▸ Supplied material:

════

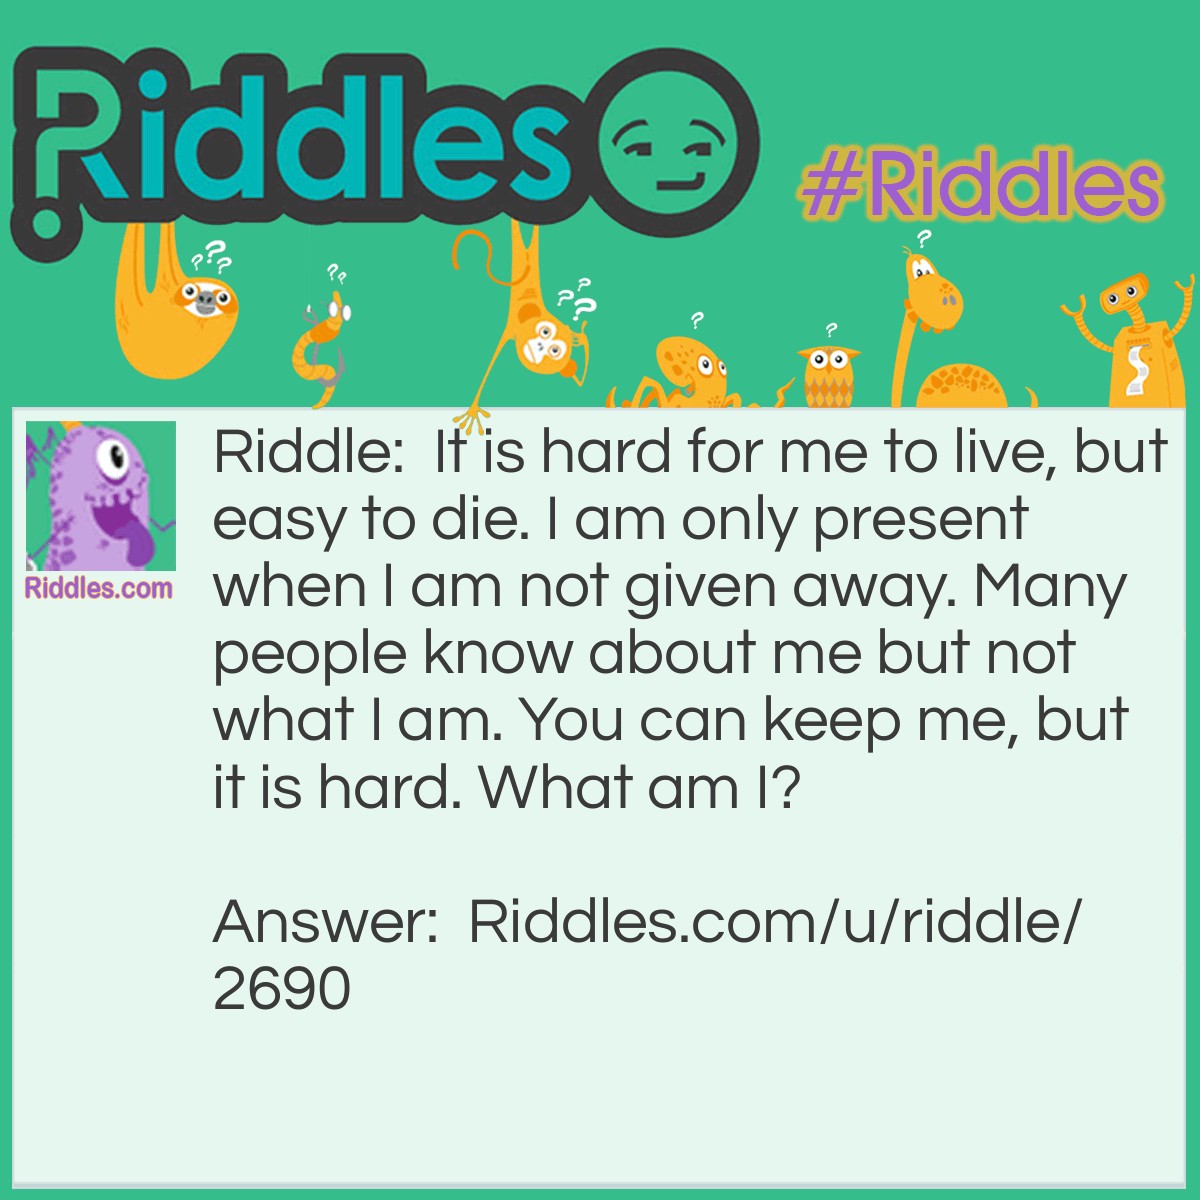 Riddle: It is hard for me to live, but easy to die. I am only present when I am not given away. Many people know about me but not what I am. You can keep me, but it is hard. What am I? Answer: A secret.
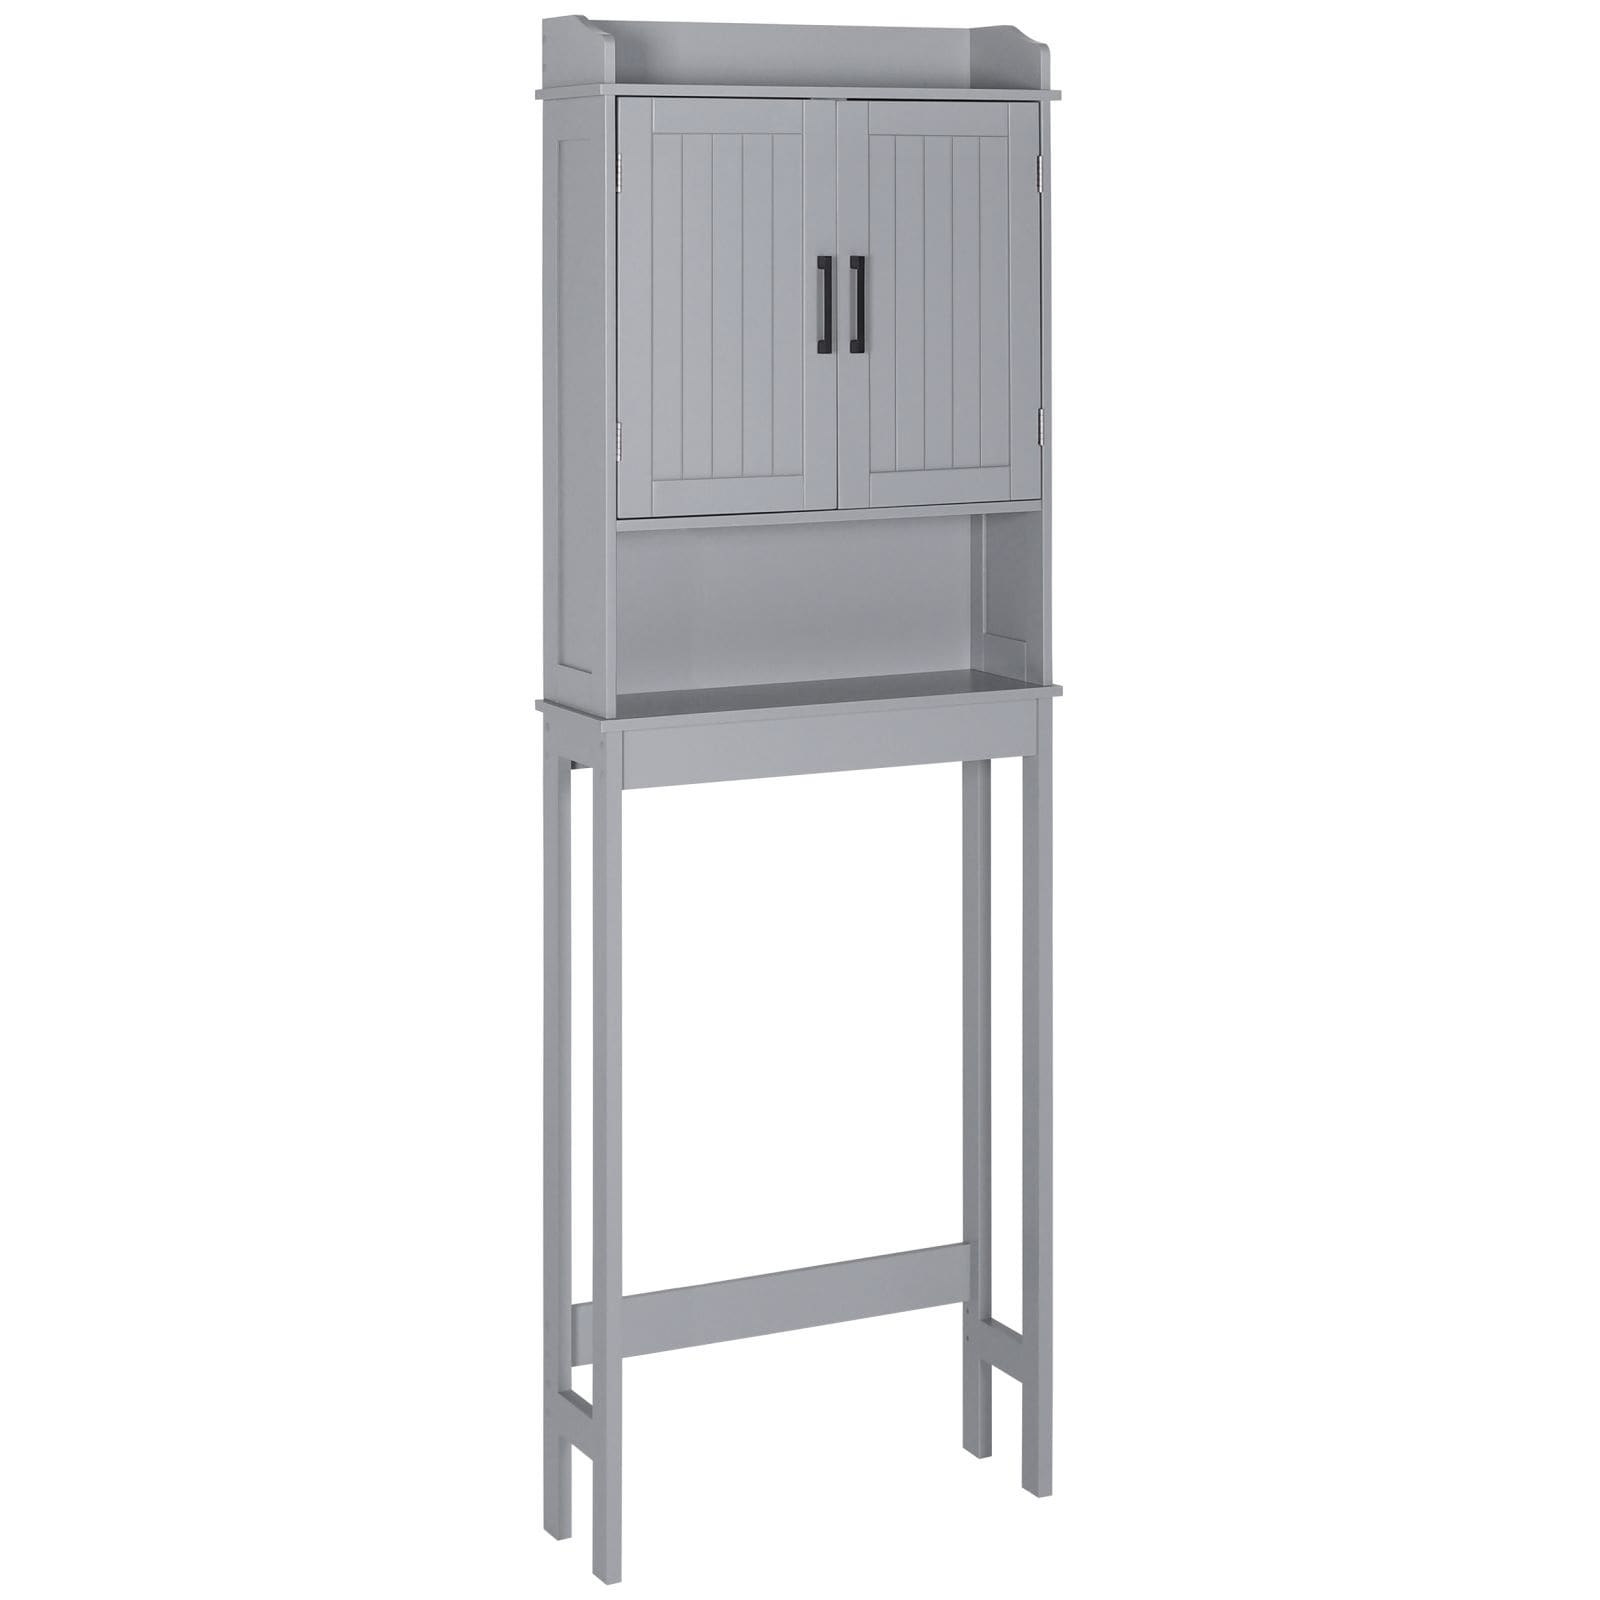 https://ak1.ostkcdn.com/images/products/is/images/direct/ecb346dd6cea211b5216ade18ad3ddc1a530a739/VEIKOUS-Over-The-Toilet-Storage-Cabinet-Bathroom-Organizer-with-Shelf-and-Cupboard.jpg
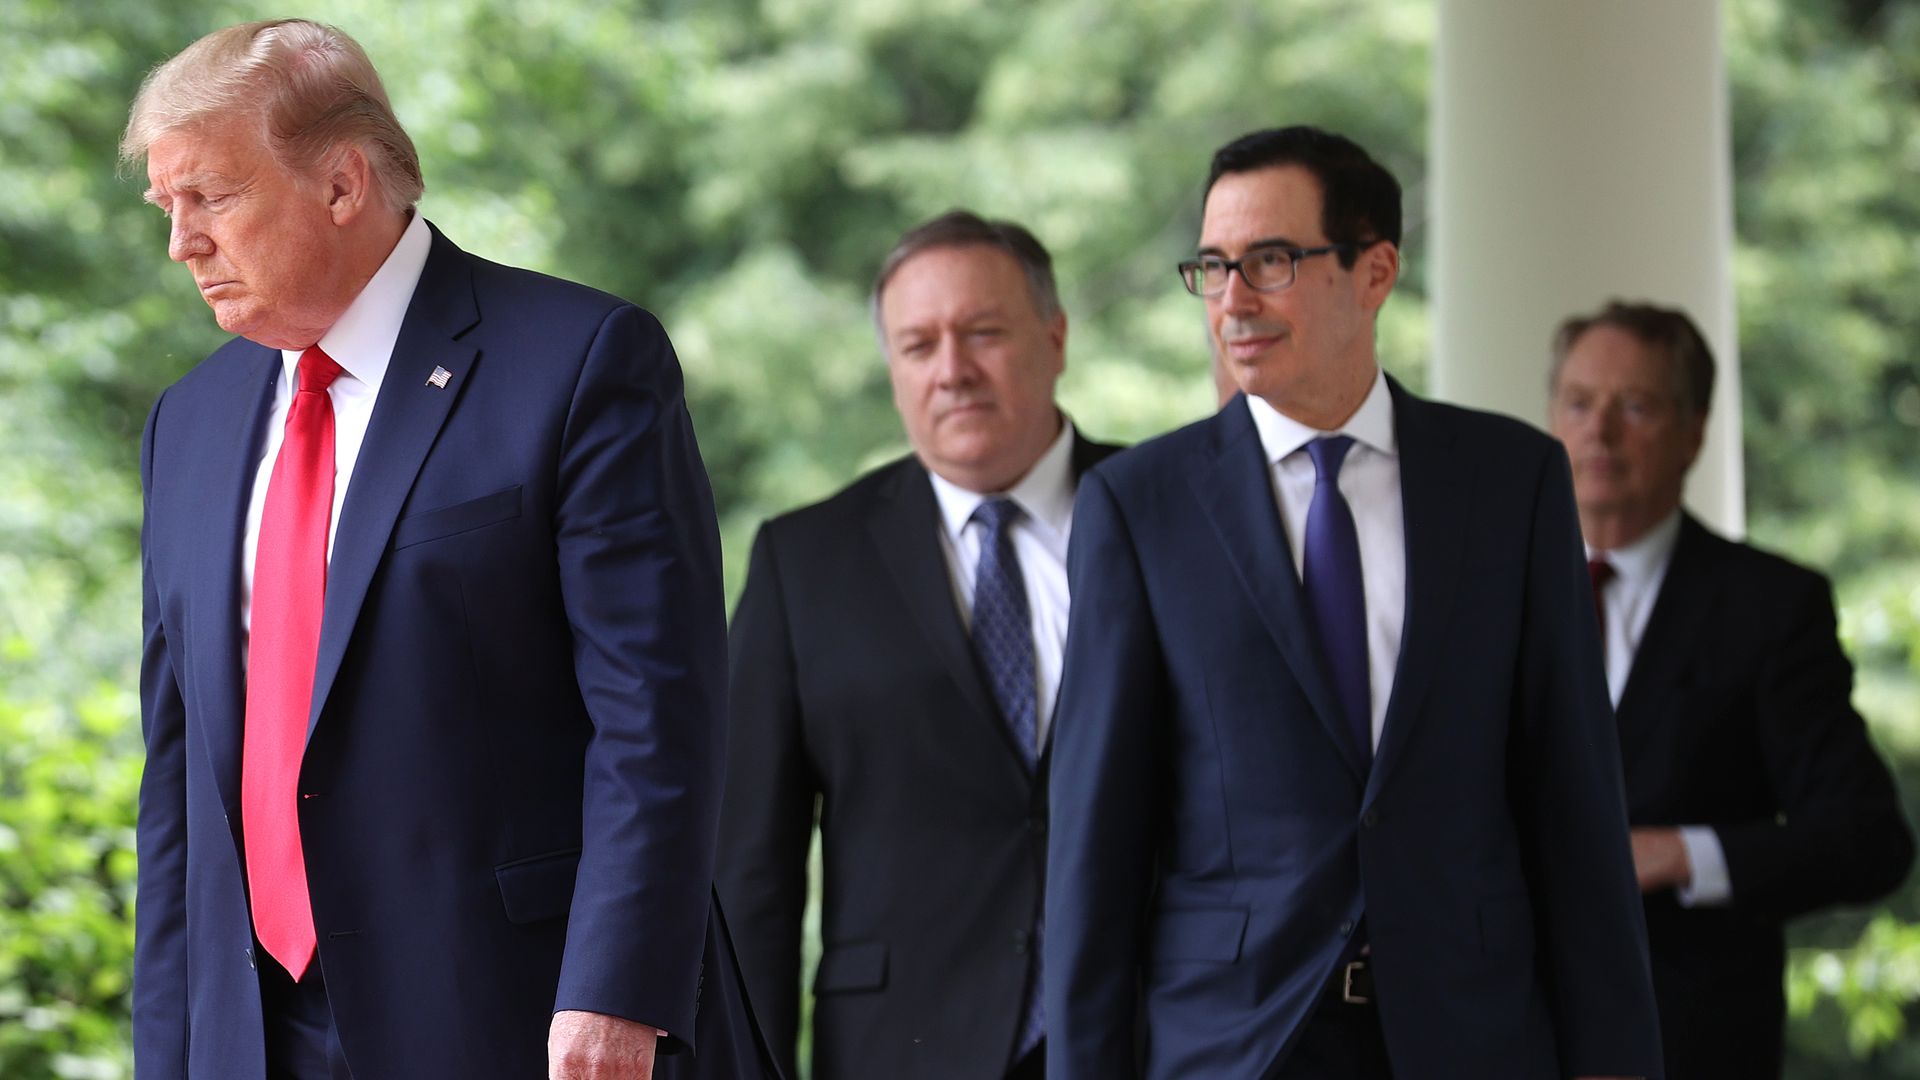 Mnuchin and Trump walk together in the foreground with Bill Barr in the background, all wearing suits and ties
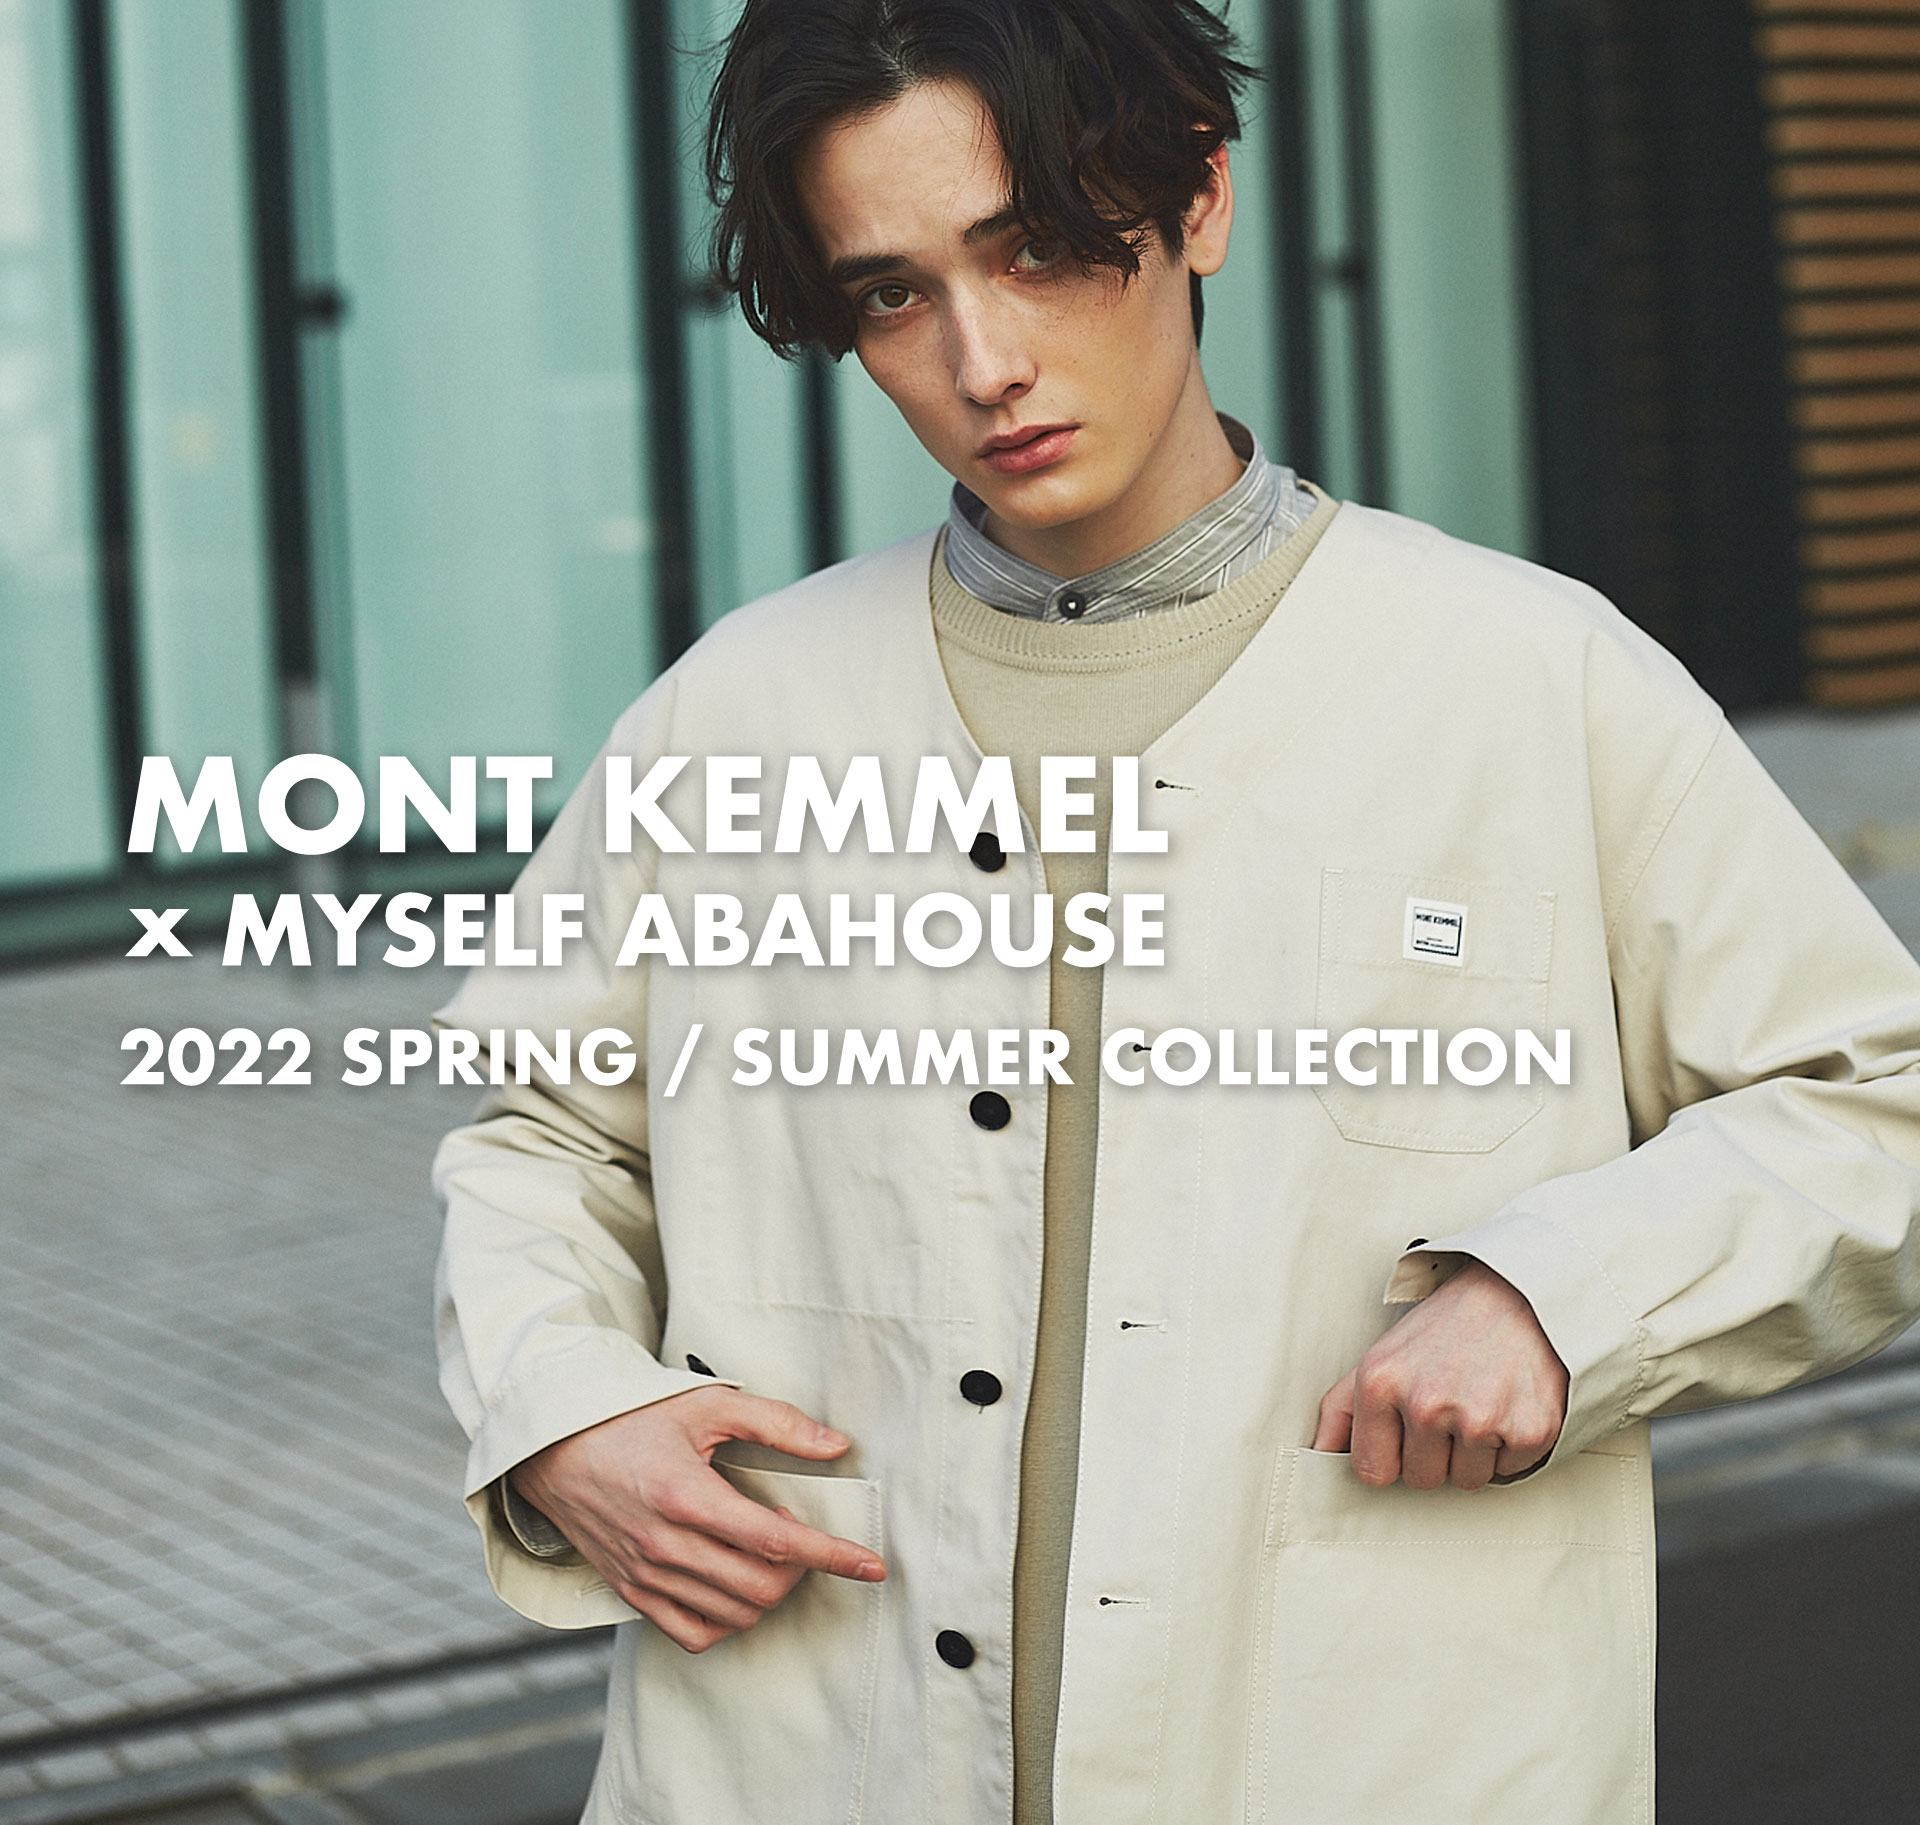 MONT KEMMEL x MYSELF ABAHOUSE | 2022 SPRING/SUMMER COLLECTION

════

▸ Task instructions: An exact copy of the material above is required, free of any pictures.

▸ Written solution:
 Riddle: It is hard for me to live, but easy to die. I am only present when I am not given away. Many people know about me but not what I am. You can keep me, but it is hard. What am I? Answer: A secret.
 https://ak1.ostkcdn.com/images/products/is/images/direct/ecb346dd6cea211b5216ade18ad3ddc1a530a739/VEIKOUS-Over-The-Toilet-Storage-Cabinet-Bathroom-Organizer-with-Shelf-and-Cupboard.jpg
 Mnuchin and Trump walk together in the foreground with Bill Barr in the background, all wearing suits and ties
 MONT KEMMEL x MYSELF ABAHOUSE | 2022 SPRING/SUMMER COLLECTION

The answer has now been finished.